People assume I’m straight ALL THE TIME, and I don’t pitch a fit because they’ve made a mistake about my identity. Two weeks ago, at the dentist (where both J and I go, and have for YEARS, ever since I broke my tooth on a Skittle), I told the hygienist I was moving to California, and she then told the dentist when he walked in that I was moving to California with MY HUSBAND. Note: I do not wear a wedding ring, so the assumptions, they were rampant. I just said, “Oh, she’s not my husband” and we all had a good laugh and continued about the scraping of my teeth with sharp implements.
My point is: someone assuming you’re gay is no worse than someone assuming you’re straight. And furthermore, given that we ghetto-ize (why we do, or are forced to is an entirely other post/tangent, and I’m not going there) ourselves into gay bars and straight bars and leather bars and so on, if you’re in a gay bar, I’mma assume you’re gay. Done.

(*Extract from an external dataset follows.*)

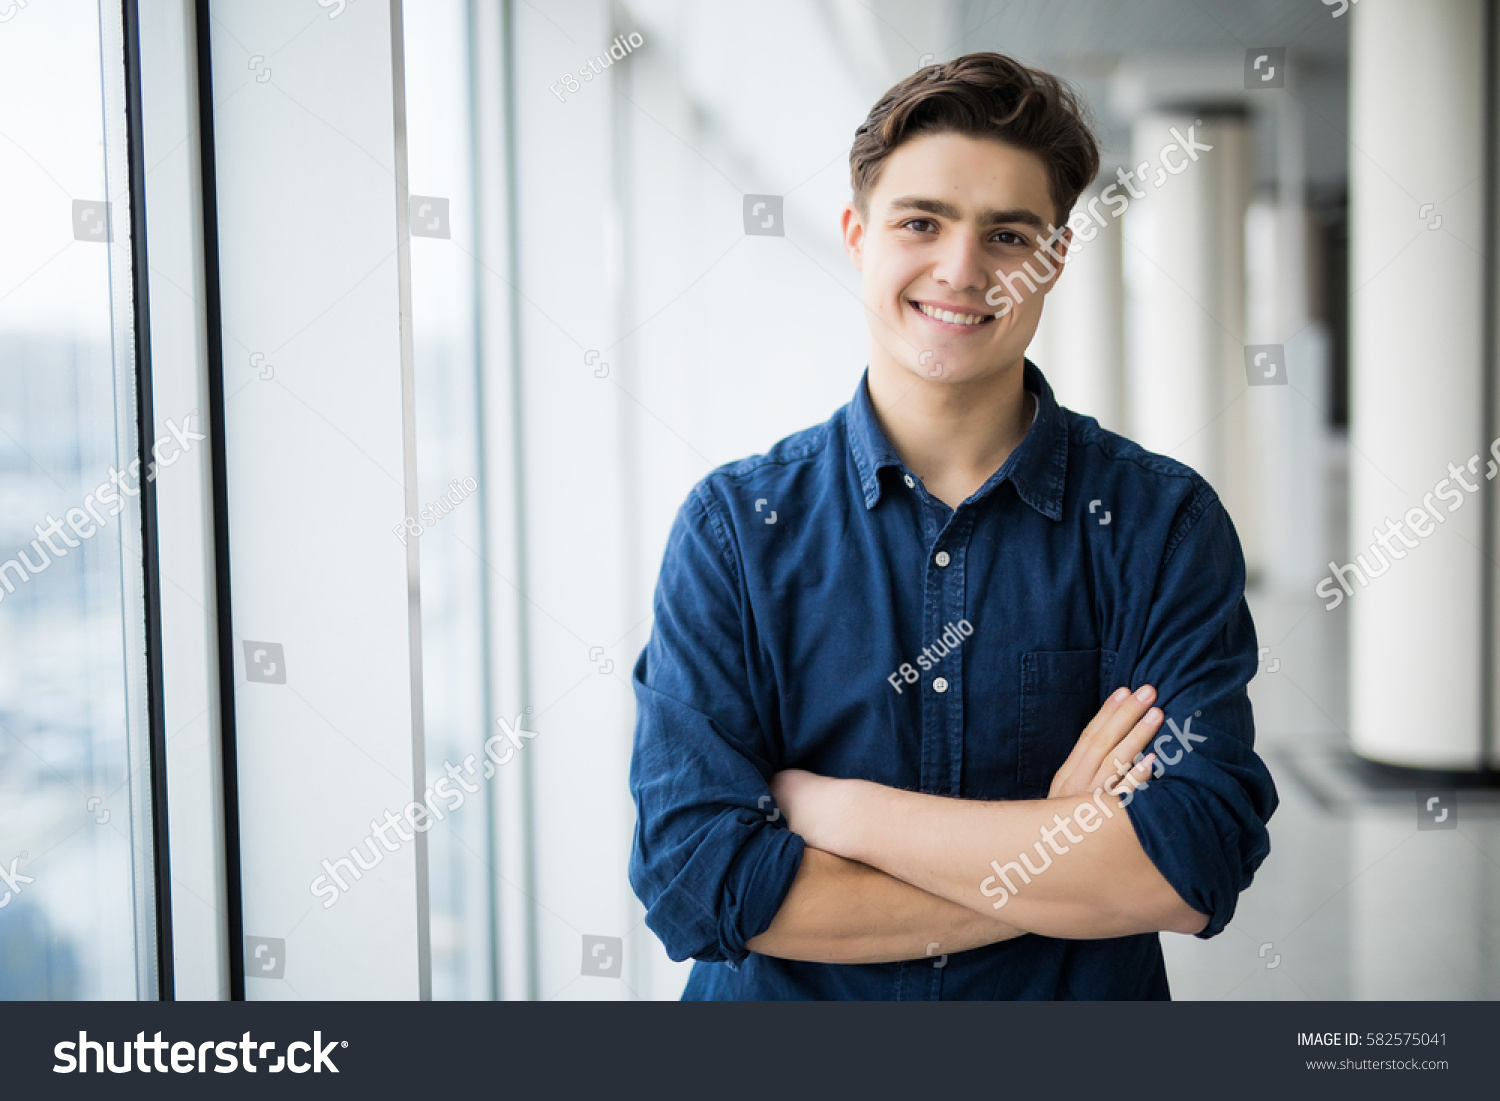 Portrait of young man with crossed hands near in window. #582575041

BACK TO THE STORY AT HAND: I am at The Cuff, and in walks a group of four: two women and two men. I know I just went on a tirade about making assumptions about people, but for the love of Christ, there was no mistaking the two men for anything other than flaming queens, and one of the women was sporting Seattle’s young dyke uniform: super short platinum blond hair, grungy jeans, Goodwill t-shirt, and the swagger. The other woman… Ok, I waffled about it on Twitter, but it was Ali from some season of the Biggest Loser.
And here’s why I waffled. We’d all like to kid ourselves that we live in this super progressive “modern” time, where being gay and famous is no big deal, but it’s not true. Yes, Ricky Martin’s “coming out” (for example) was generally met with a giant yawn, but it did still make magazine covers. It did still spawn long, involved articles about the state of American gayness, and it was still NEWS. And it was still GOSSIP news, tinged with a taste of having uncovered someone’s SECRET, something guarded, something you maybe DIDN’T want the whole world to know, and now, all of a sudden, there it is in the checkout line.
So, my original thought was to tweet that I had spotted Ali from Biggest Loser at The Cuff, the same way I would have tweeted that I saw Britney Spears at the waxing salon, without any thought to (my bad) her privacy, or the nature of the location wherein I spotted the celebrity. But then I stopped. What if she’s not OUT? What if she’s out at the bar on the downlow? What if people interpreted MY TWEET as a salacious piece of gossip- that I thought that being in a gay bar was bad, and that I was revealing something unsavory about her character, simply by attaching her to this gay bar.
My Twitter feed is public, and I don’t have any control over who reads it or how they interpret what I put out there, and generally, I could give a flying fuck about what random strangers think about my whining about anything and everything. But at the same time, I take the Lord’s name in vain at least once a day on Twitter, and get followers with names like @GodsLove and @OurLord (not really, I just made those up, but you get the idea). So if I write that I saw a minor celebrity at a gay bar, does that get interpreted in a positive way? A negative way? Who follows me based on that? You’d have to follow me for a certain amount of time with a fairly critical eye to determine that I’m gay and that I am pro-gay, and you’re not going to get that from a single tweet about someone at a bar.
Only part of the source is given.